No greatly surprising results in above. Where there is naturally high correlation and essentially duplication of data (e.g. between averages over 6 periods and those of 3), variables will be dropped accordingly to make way for those of more significance.

### Categorical Explanatory Variables
For the categorical variables a different test of association is required. I decided to use Pearsons' Chi Square Independence Test under the Null Hypothesis that the categorical explanatory variable and the dichotmous explained variable are independent of one another. The test is suitable for all grid sizes and the expected counts are suffciently large for this test also.

In [29]:
for col in ['MARRIAGE', 'SEX', 'EDUCATION', 'AGE_GROUP']:
    observed = pd.crosstab(df[col], df['DEFAULT'], margins = False)
    result = scipy.stats.chi2_contingency(observed)
    print (col, ':', result)

MARRIAGE : (32.142243959046255, 1.0480944138946852e-07, 2, array([[ 10420.10991248,   3004.89008752],
       [ 12215.39588846,   3522.60411154],
       [   244.49419906,     70.50580094]]))
SEX : (45.744079662370098, 1.3475601294287318e-11, 1, array([[  9084.31779632,   2619.68220368],
       [ 13795.68220368,   3978.31779632]]))
EDUCATION : (98.816227756796266, 3.4860112262384947e-22, 2, array([[  8212.67657236,   2368.32342764],
       [ 10885.03697673,   3138.96302327],
       [  3782.28645091,   1090.71354909]]))
AGE_GROUP : (36.866440293668418, 6.3702925695916702e-07, 5, array([[  8.41448131e+03,   2.42651869e+03],
       [  8.17076328e+03,   2.35623672e+03],
       [  4.56622023e+03,   1.31677977e+03],
       [  1.51974489e+03,   4.38255106e+02],
       [  1.97147703e+02,   5.68522966e+01],
       [  1.16425809e+01,   3.35741909e+00]]))


Although the Chi Square test gives no indication as to the relationship between the explanatory and the explained, the very small p-values suggest that we can reject the notion of independence and accept that there is some degree of association.
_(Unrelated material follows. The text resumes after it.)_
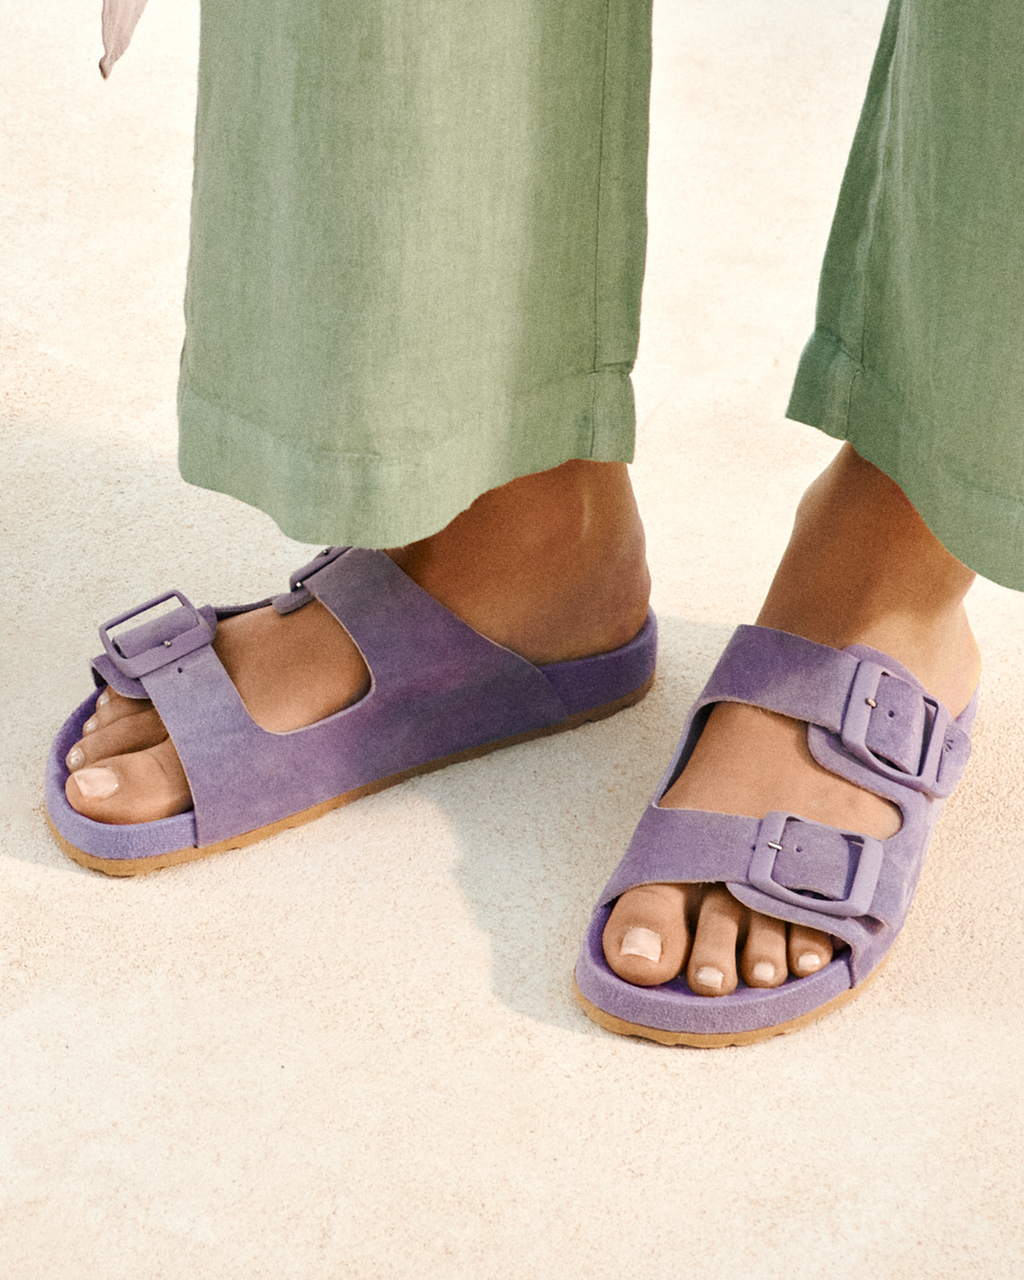 Suede Traveler Nordic Sandals - Hamptons Wisteria Lilac
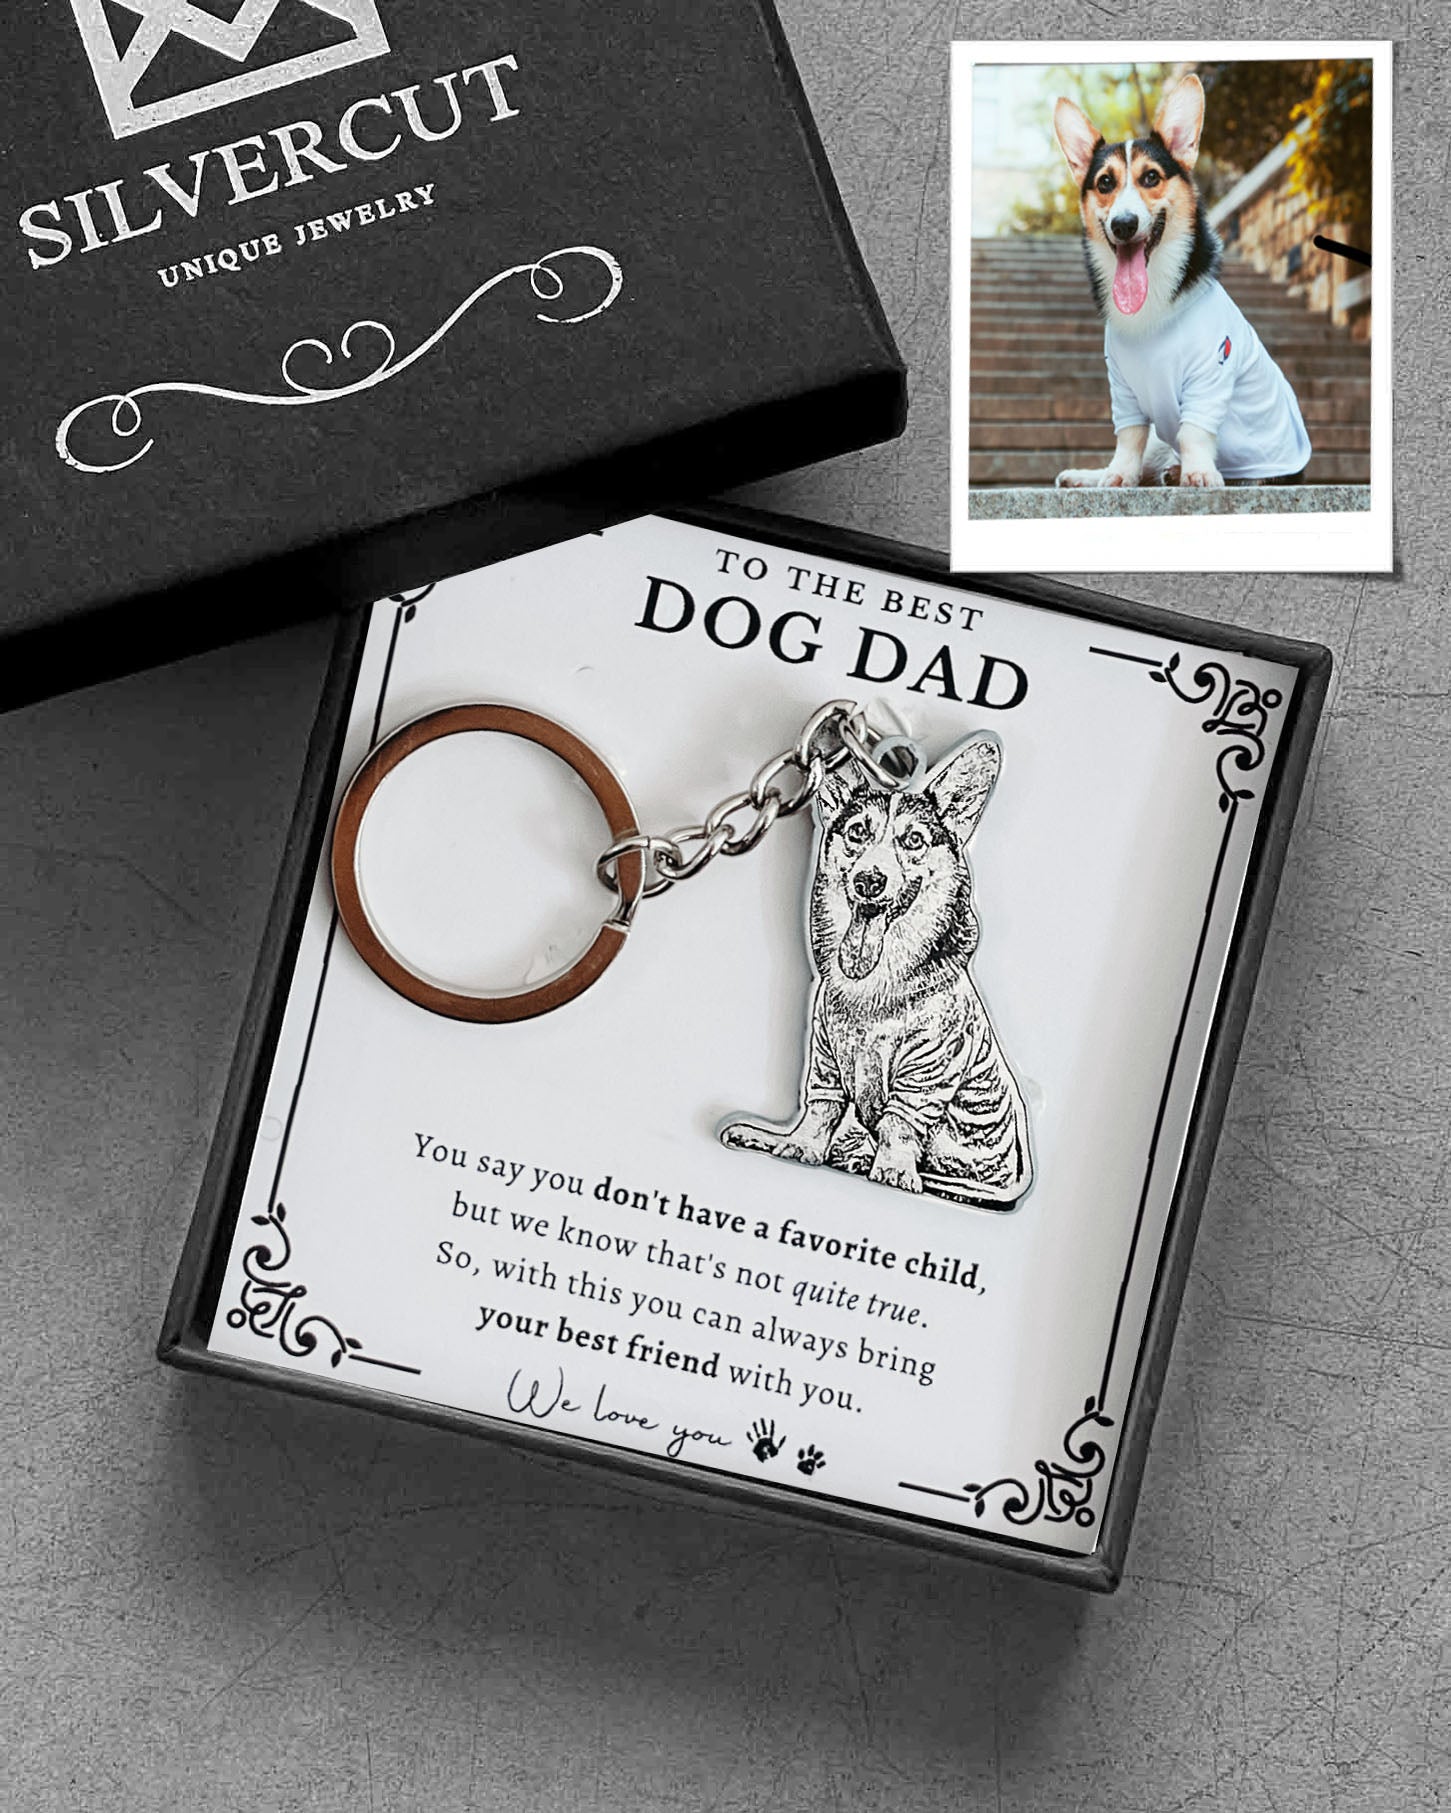 Silvercut® Black Medallion Dog Keychain With Custom Engraved Photo

As such, all the categorical variables will be retained.

With the Payment and Bill amounts performing rather poorly in isolation, I attempted to see whether a ratio between the two would be helpful in explaining Default. Intuitively a ratio of 1:1 would suggest a good user that pays the whole bill. 

I looked at the amount for both variables totalled over the 6 periods to smooth out any unusual behaviour occuring in just a single month. Importantly, to stick to real numbers it would be necessary to delete any Total Bill Amounts that were zero.

In [30]:
#create a reduced dataframe of just postivie amounts for Total Bill
df['TOTAL_BILL'] = df['BILL_AMT1'] + df['BILL_AMT2'] + df['BILL_AMT3'] + df['BILL_AMT4'] + df['BILL_AMT5'] + df['BILL_AMT6']
df_pos_bill = df[df['TOTAL_BILL'] !=0]
reduced_df = df_pos_bill.copy()

In [31]:
#for this dataframe also calculate Total Pay and ratio between that and Total Bill
reduced_df['TOTAL_PAY'] = reduced_df['PAY_AMT1'] + reduced_df['PAY_AMT2'] + reduced_df['PAY_AMT3'] + reduced_df['PAY_AMT4'] + reduced_df['PAY_AMT5'] + reduced_df['PAY_AMT6']
reduced_df['TOTAL_PAY_BILL'] = reduced_df['TOTAL_PAY'] / reduced_df['TOTAL_BILL']

In [32]:
scipy.stats.pointbiserialr(reduced_df['TOTAL_PAY_BILL'], reduced_df['DEFAULT'])

PointbiserialrResult(correlation=-0.011549367757713662, pvalue=0.05071230917306397)

Almost zero correlation and p-value is of questionable significance. Perhaps just as importantly, using this reduced dataframe would mean the loss of 852 rows which is far too high a sacrifice for this. Variable will not be used.

In addition to the above experiment with Payment/Bill, the other variables I will drop from further modelling are all the Bill Amounts (Full, A & B being so close to zero), the averaged Payment Amounts for periods A and B (the full 6 month period being a stronger correlation), the Bill Amount/Limit Amount Ratio averaged over 6 months (periods A & B being more informative separately), the Repayment Delay  averaged over 6 months (periods A & B being more informative separately), the Pay Score and the Bill Score (correlation coefficients so close to zero.